|Publication number||US6863284 B2|
|Application number||US 10/200,375|
|Publication date||Mar 8, 2005|
|Filing date||Jul 19, 2002|
|Priority date||Jul 19, 2002|
|Also published as||US20040012188|
|Publication number||10200375, 200375, US 6863284 B2, US 6863284B2, US-B2-6863284, US6863284 B2, US6863284B2|
|Inventors||Andreas C. Wegener|
|Original Assignee||Andreas C. Wegener|
|Export Citation||BiBTeX, EndNote, RefMan|
|Patent Citations (25), Referenced by (6), Classifications (7), Legal Events (4)|
|External Links: USPTO, USPTO Assignment, Espacenet|
The present invention relates generally to single track or in-line roller skates, and is particularly concerned with a backslide plate assembly for in-line skates.
In-line roller skates or roller blades typically have four to five wheels arranged one after the other in a line in the running direction, and the wheels are rotatably mounted on a chassis or frame which in turn is connected to the sole of a shoe or other footwear. Some skaters perform stunts or maneuvers on such skates, for example stunts known as backslides in which a skater slides along on a railing, curbstone edge or the like. In performing these maneuvers, the skater will use the outside of one of the shoes or boots as a sliding surface, so that the shoe or boot becomes worn out quickly.
In my previous U.S. Pat. No. 6,029,983 entitled Backslide Plate, a replaceable slider is placed at the exposed areas of a skater's shoe to protect those areas against wear when performing sliding stunts. The slider is designed to completely cover the shoe in the sliding area. The slider is attached around the outer contour of the shoe and has an arcuate surface for added guidance to the skater during sliding.

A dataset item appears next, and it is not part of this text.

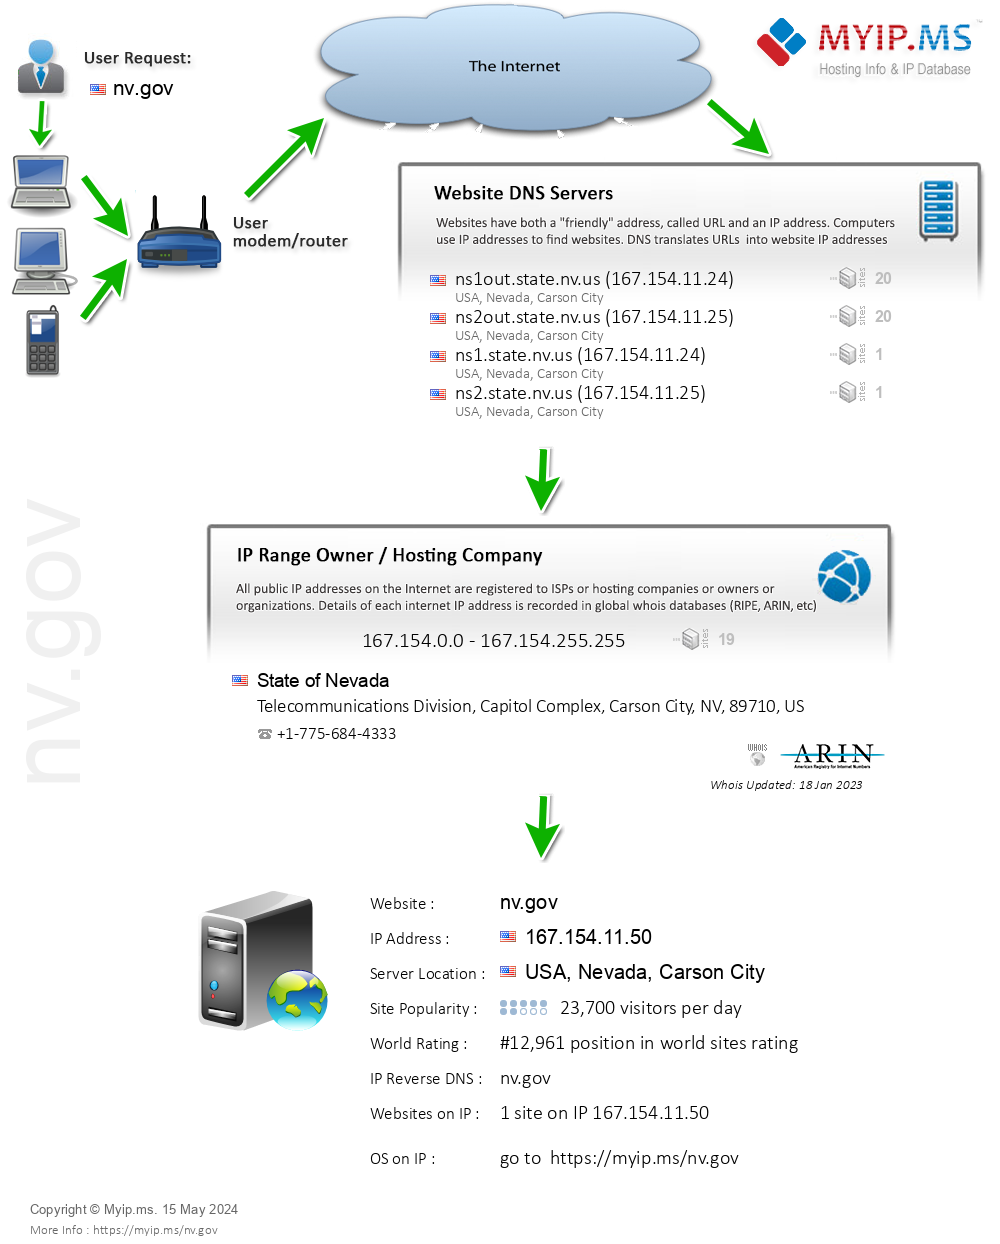 Nv.gov - Website Hosting Visual IP Diagram

It is an object of the present invention to provide a new and improved backslide plate assembly for in-line roller skates.
According to one aspect of the present invention, an in-line skate assembly is provided which comprises a boot having a sole, a heel, a toe, and opposite inner and outer side faces, the boot having an opening in its outer side face extending from the outer side face partially into the sole, and a backslide plate for mating engagement in the boot opening, the backslide plate having an outer slide guiding surface for contacting a sliding surface during sliding maneuvers.
The boot may be designed for direct connection to a wheel carrying frame or chassis of an in-line skate, or the assembly may also include a separate sole plate which is releasably fastened to the sole of the boot. In the latter case, the sole plate also has a cut out for receiving a lower portion of the backslide plate. A suitable fastener is provided for releasably securing the backslide plate in the boot opening, to allow the plate to be removed and replaced when worn. In another embodiment, the one piece sole plate is replaced by two separate grind plates secured to the sole of the boot on opposite sides of the backslide plate, and two separate grind plates secured to the sole of the boot along the inside edge.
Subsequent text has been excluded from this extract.